- Height: 5 ft 6 in (168 cm)
- Position: Forward
- Shot: Left
- PWHL RSEQ CWHL team: Ottawa Senators Ottawa Gee-Gees Montreal Stars (2013-15)
- Playing career: 2007–2015
- Medal record
Women's ice hockey
Representing Canada
ISBHF World Street Hockey Championships
| Silver medal – second place | 2011 Slovakia | Team |
| Gold medal – first place | 2013 Canada | Team |

= Fannie Desforges =

Canadian athlete from Fournier, Ontario

Fannie Desforges is a Canadian ice hockey forward. She is the second Canadian woman to win a competition in the Red Bull Crashed Ice competition. In addition, she has competed for the Ottawa Gee Gees women's ice hockey program in Canadian Interuniversity Sport, while competing for the Canada women's national ball hockey team at the 2011 Street and Ball Hockey World Championships in Bratislava, Slovakia. In the 2013 CWHL Draft, she was selected by the Montreal Stars.

==Ice hockey==
In 2007-08, Desforges played for the Ottawa Lady Senators of the PWHL and captured the PWHL Silver medal.

===CIS===
Desforges competed for the Ottawa Gee-Gees of the RSEQ. Her first appearance for the Ottawa Gee-Gees came in an exhibition match versus the York Lions on September 20, 2008. She scored a goal in a 4-0 shutout victory.
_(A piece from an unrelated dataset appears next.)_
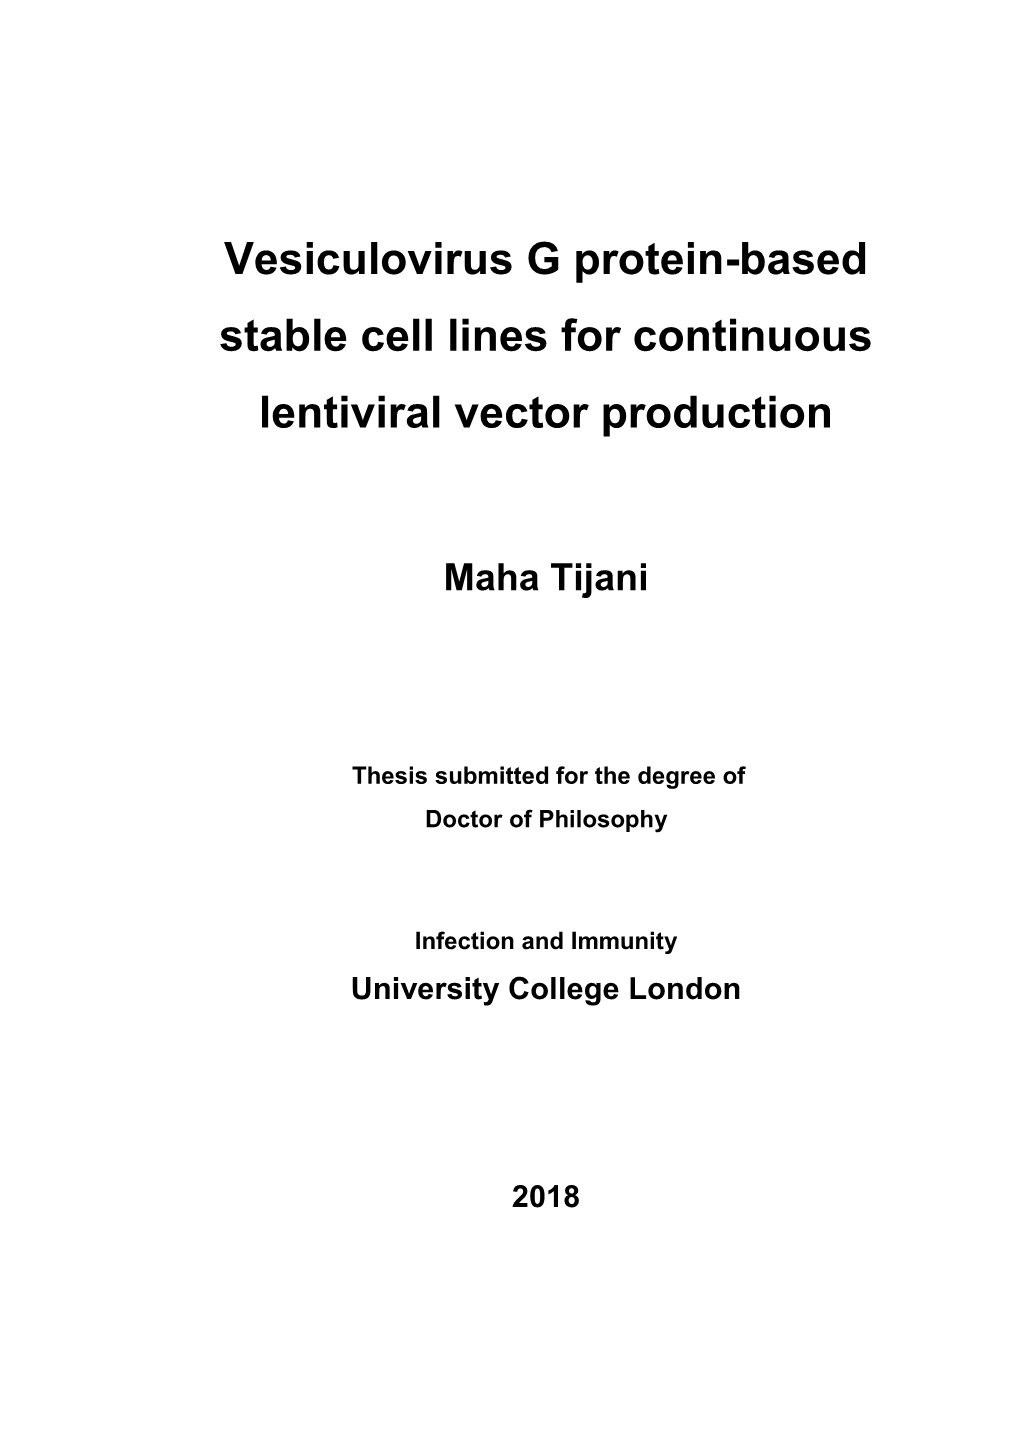 Vesiculovirus G Protein-Based Stable Cell Lines for Continuous Lentiviral Vector Production
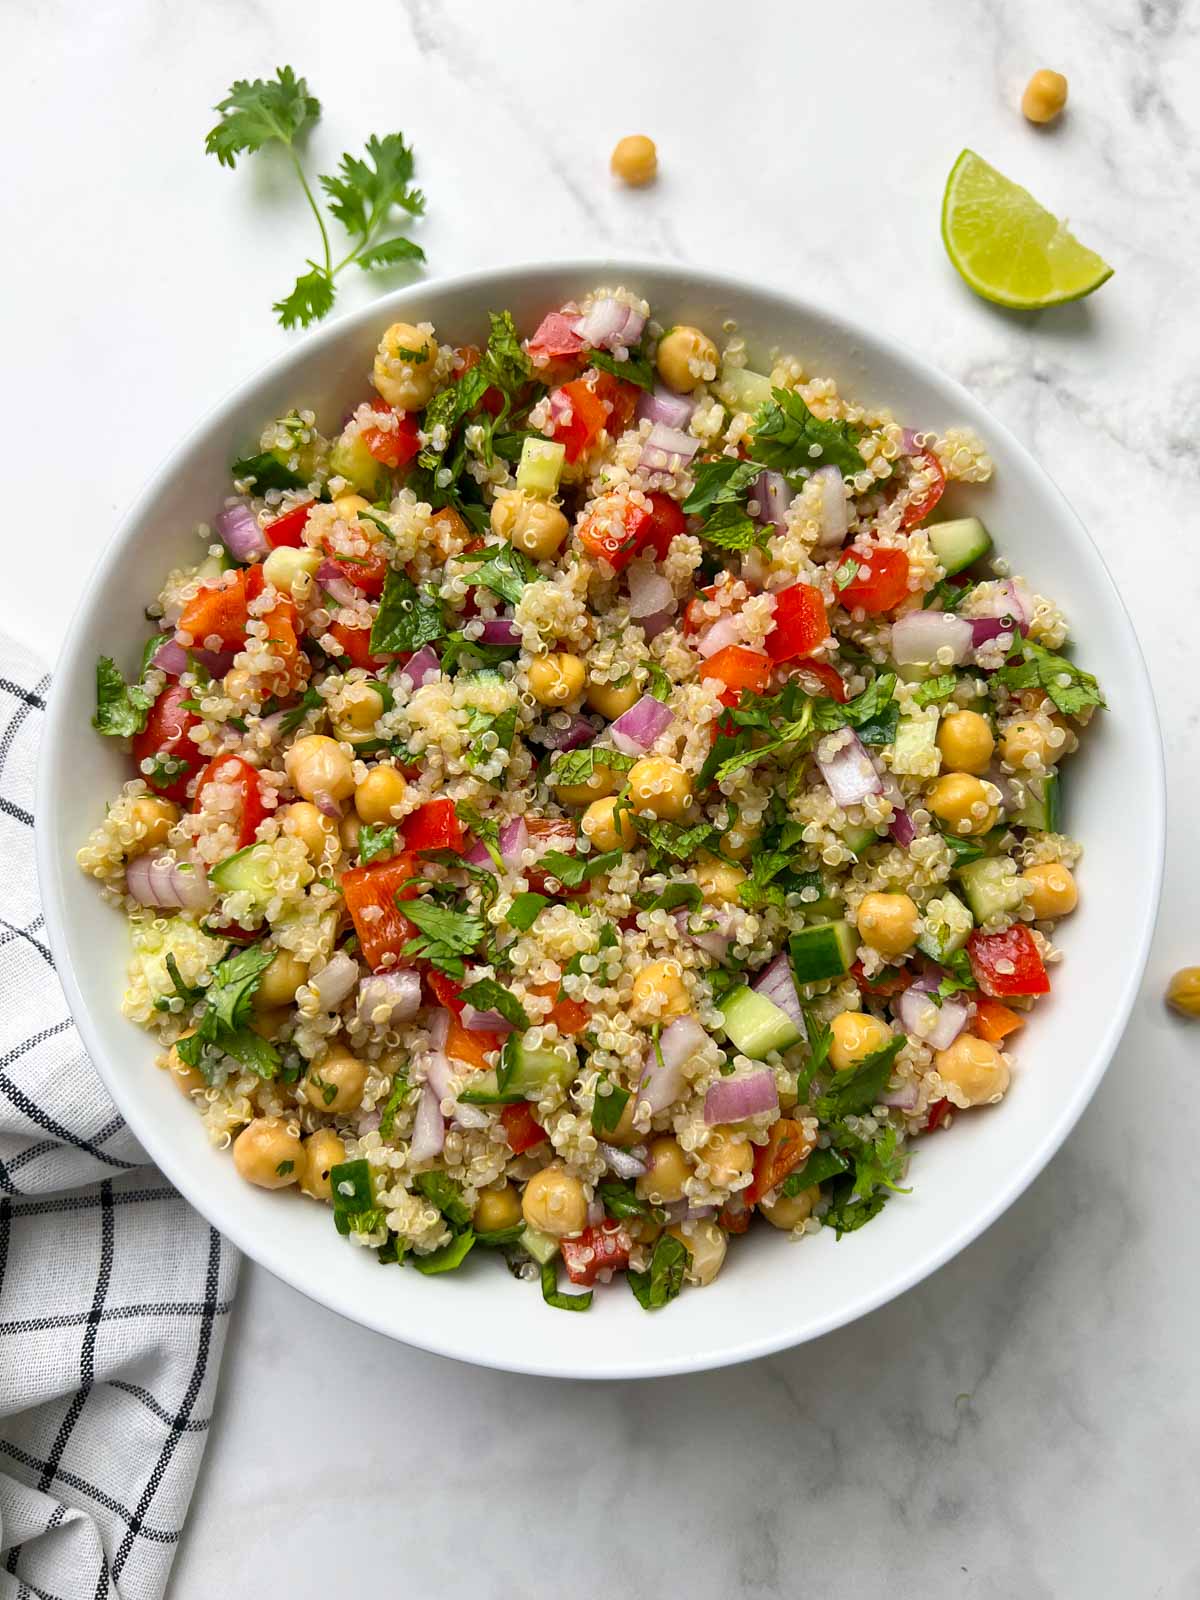 chickpea quinoa salad serve din a large white bowl garnished with herbs and lime wedge on the side

In her first ever regular season game (contested on October 18, 2008), she scored her first CIS goal in a victory over the Concordia Stingers.

In a November 30, 2008 exhibition match versus the Syracuse Orange women's ice hockey team of the NCAA, Desforges scored a goal in a 4-3 overtime triumph. On November 20, 2011, Desforges registered two goals (including the game winner 15 seconds into overtime) as the Gee Gees defeated the crosstown rival Carleton Lady Ravens for the third consecutive time.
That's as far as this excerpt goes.